The enrichment of cytokine reads was done by taking the same 150 kb window around cytokine, chemikine and costimulatory molecules and counting the number of reads falling within these boundaries. The coverage was then calculated by dividing by the total read number. Enrichment was calculated by taking the logarithm of the stimulated state for a gene over the resting state.

Disease SNP enrichment for stimulus-sensitive genes

From the GWAS data, we excluded all variants that fell within the MHC locus and used a genome-wide p-value threshold of <5 × 10−8. We defined the disease loci by mapping all the SNPs in linkage disequilibrium (LD) with the reported index SNP, using r2 > 0.8 calculated across the European populations present in the 1000 Genomes Project data, and extending the LD boundaries by 150 kb on each side, to account for the possibility of distant gene expression regulation between enhancers and gene promoters. This resulted in 334 unique regions associated to one of the ten tested traits.

We then tested whether the stimulus-sensitive genes that were defined in the linear and the switch models fell within the SNP loci boundaries more often than expected by chance using a permutation strategy.
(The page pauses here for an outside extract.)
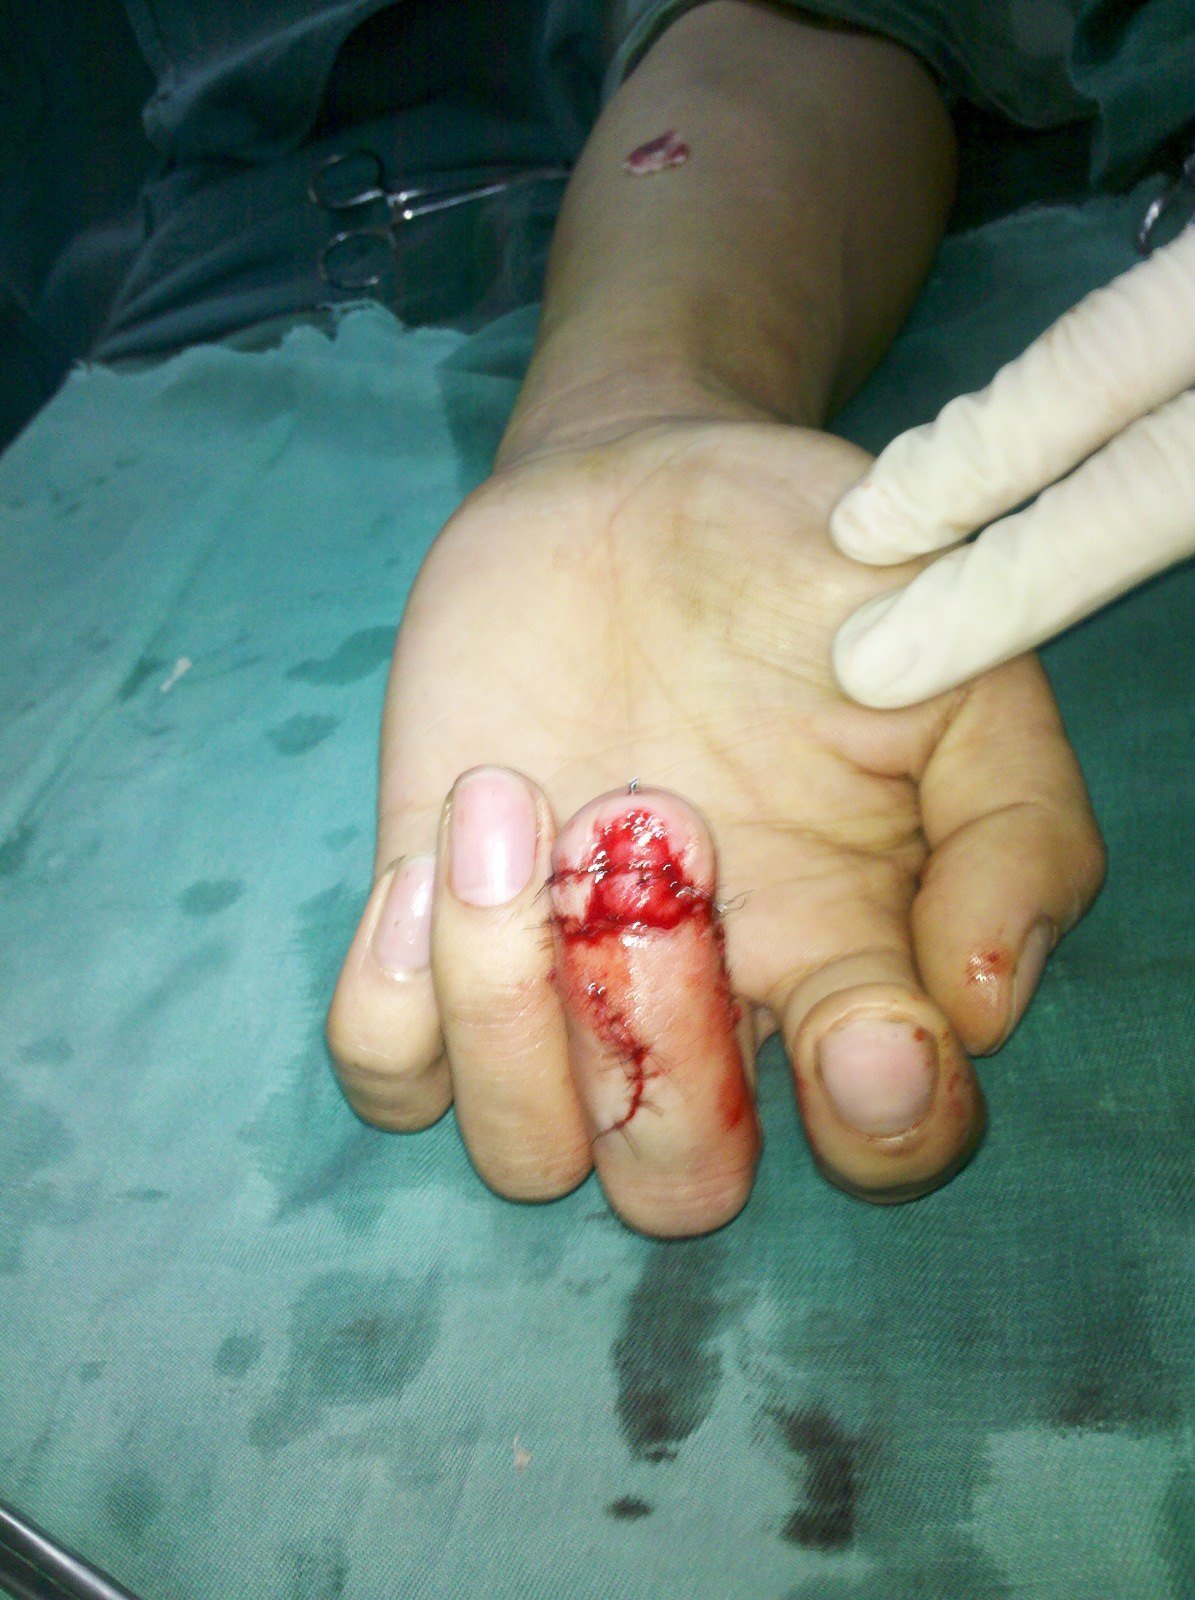 人工指甲盖植入手术图片

To build our null distribution, we selected the same number of genes, matching for gene size and expression level. We repeated the process 10,000 times.

We tested whether any of the SNPs used to define the LD boundaries overlapped with an H3K27ac or an ATAC peak identified in any of the conditions. The disruption of TFBS by SNPs was assessed using the SNP2TFBS database [77, 78].